### [WHAT YOU SHOULD DO]
Give the listing again character for character, but drop the images.

### [DATASET EXCERPT]
++++++++++++++++++++
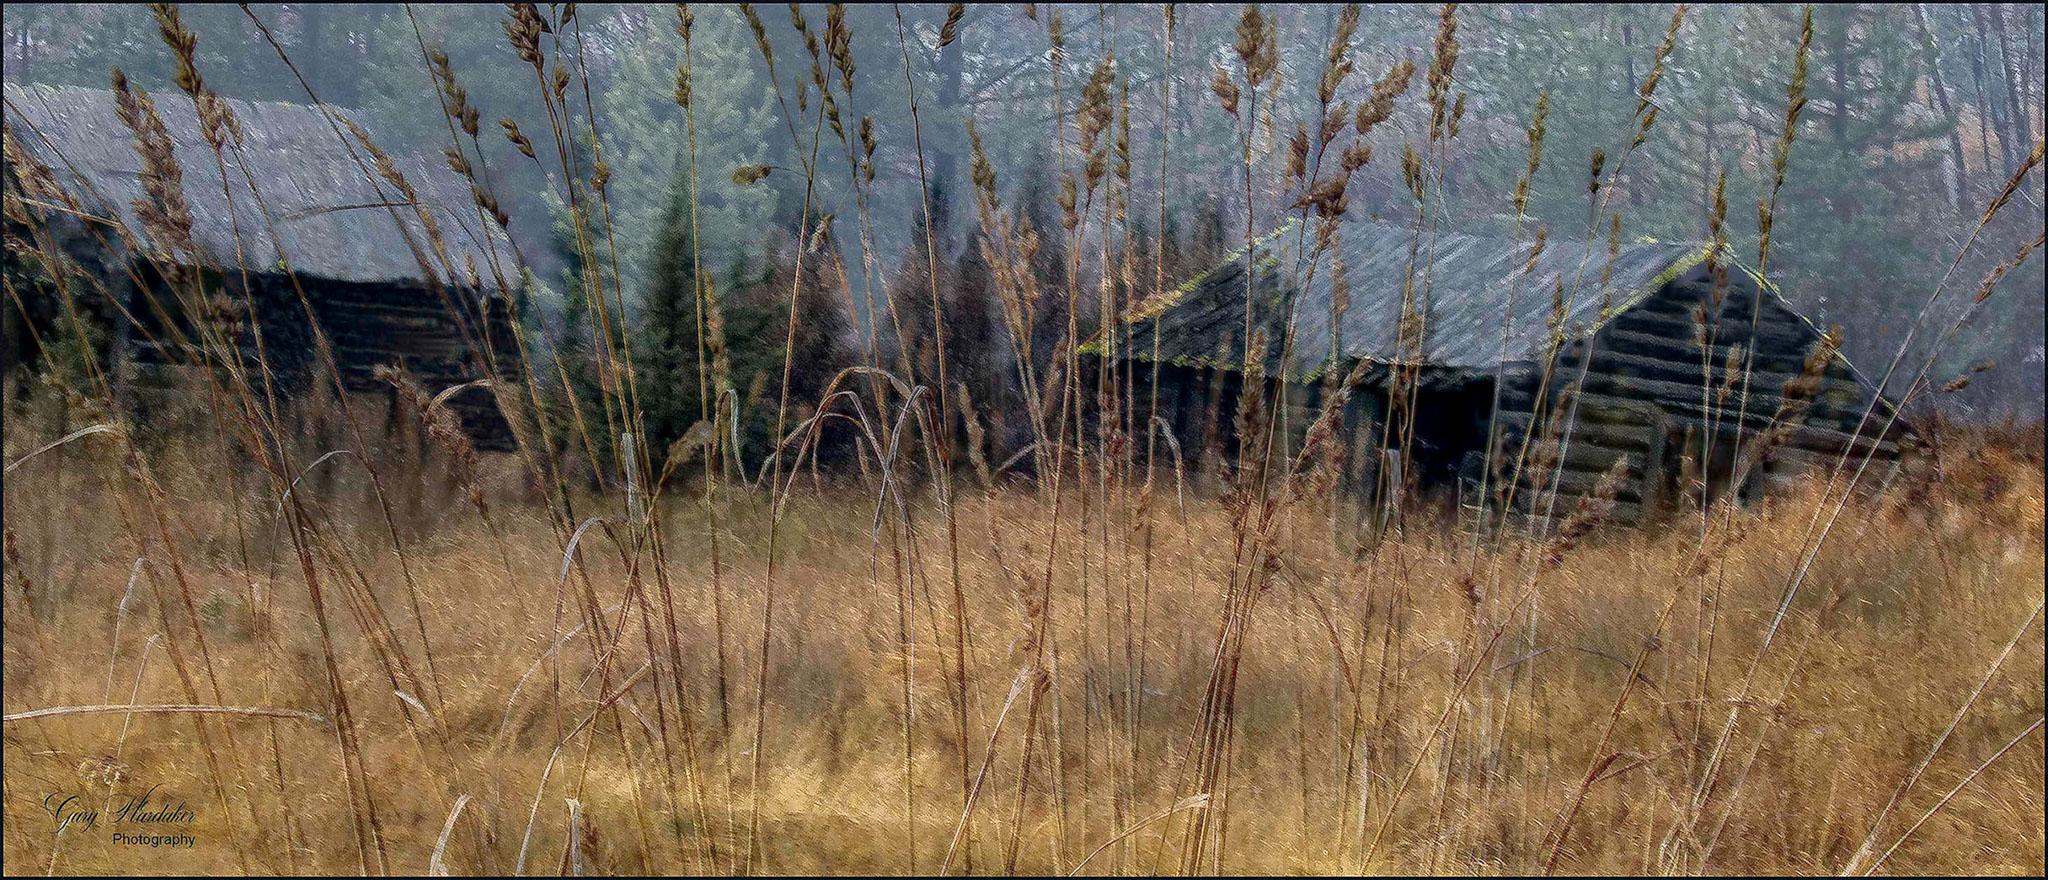 Old Homestead as seen through the Grass- Gary Hardaker
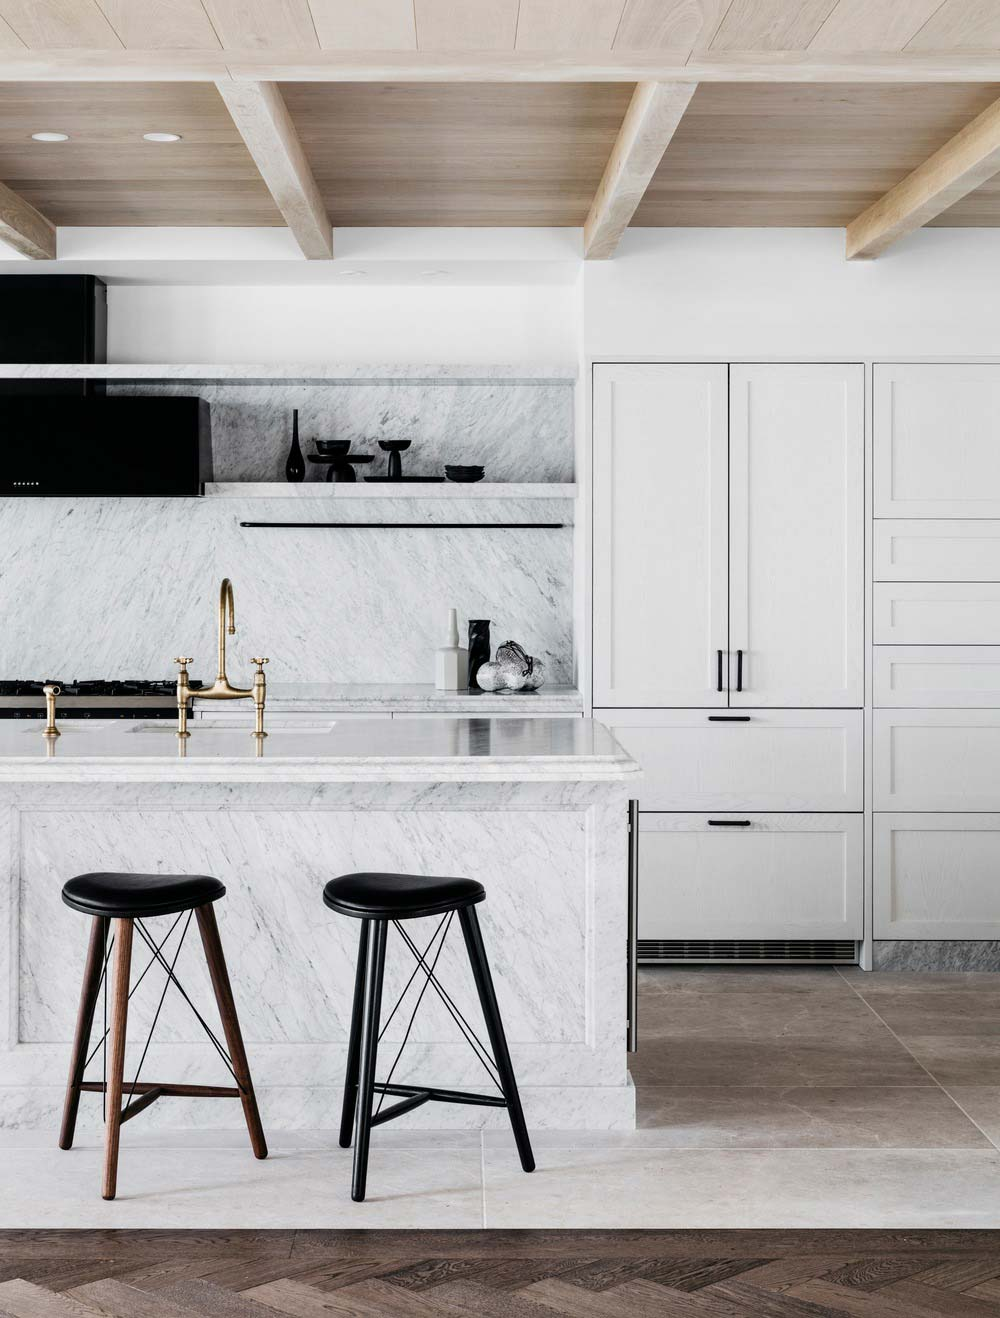 waterfront holiday villa kitchen island design - Palm Beach Project
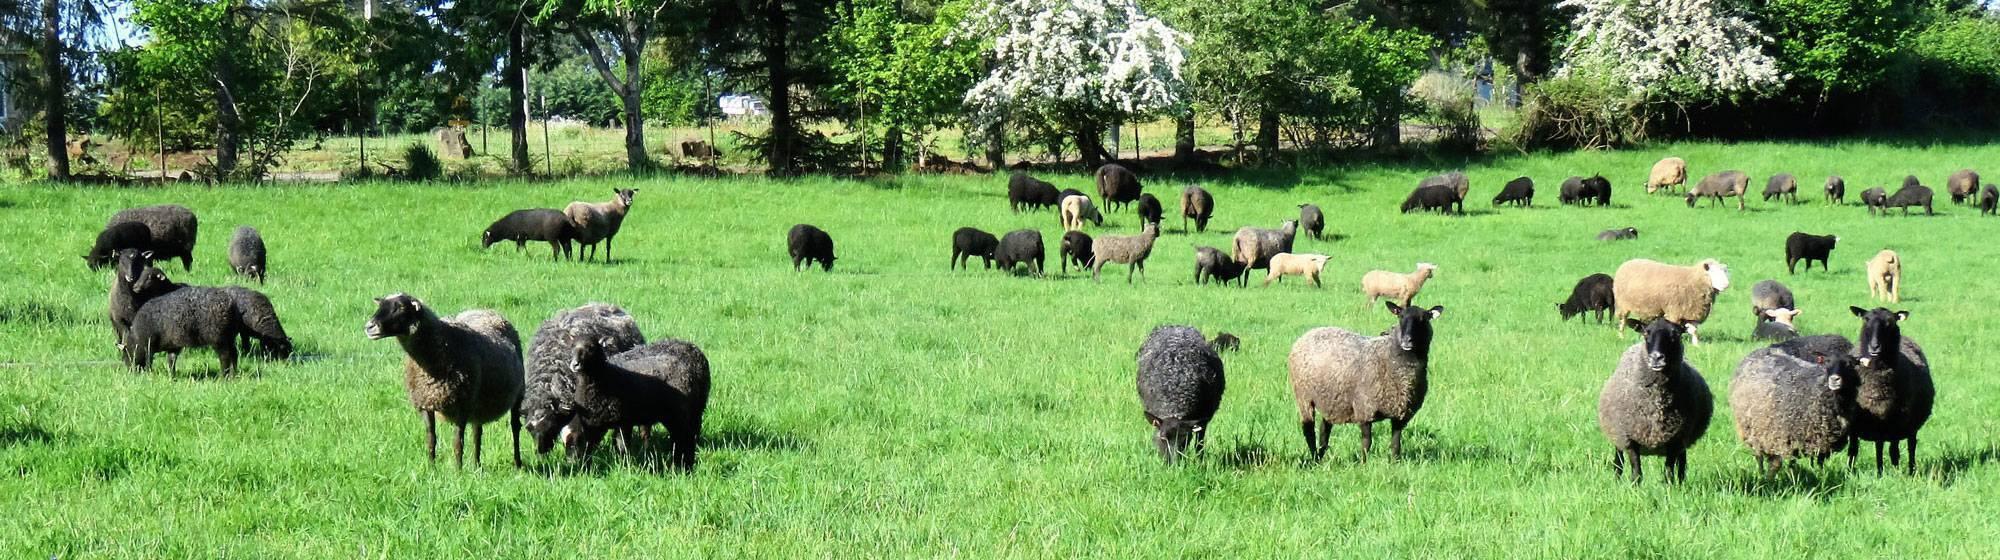 American Gotland Sheep | Upcoming Events
++++++++++++++++++++
### [WRITTEN SOLUTION]
 Old Homestead as seen through the Grass- Gary Hardaker
 waterfront holiday villa kitchen island design - Palm Beach Project
 American Gotland Sheep | Upcoming Events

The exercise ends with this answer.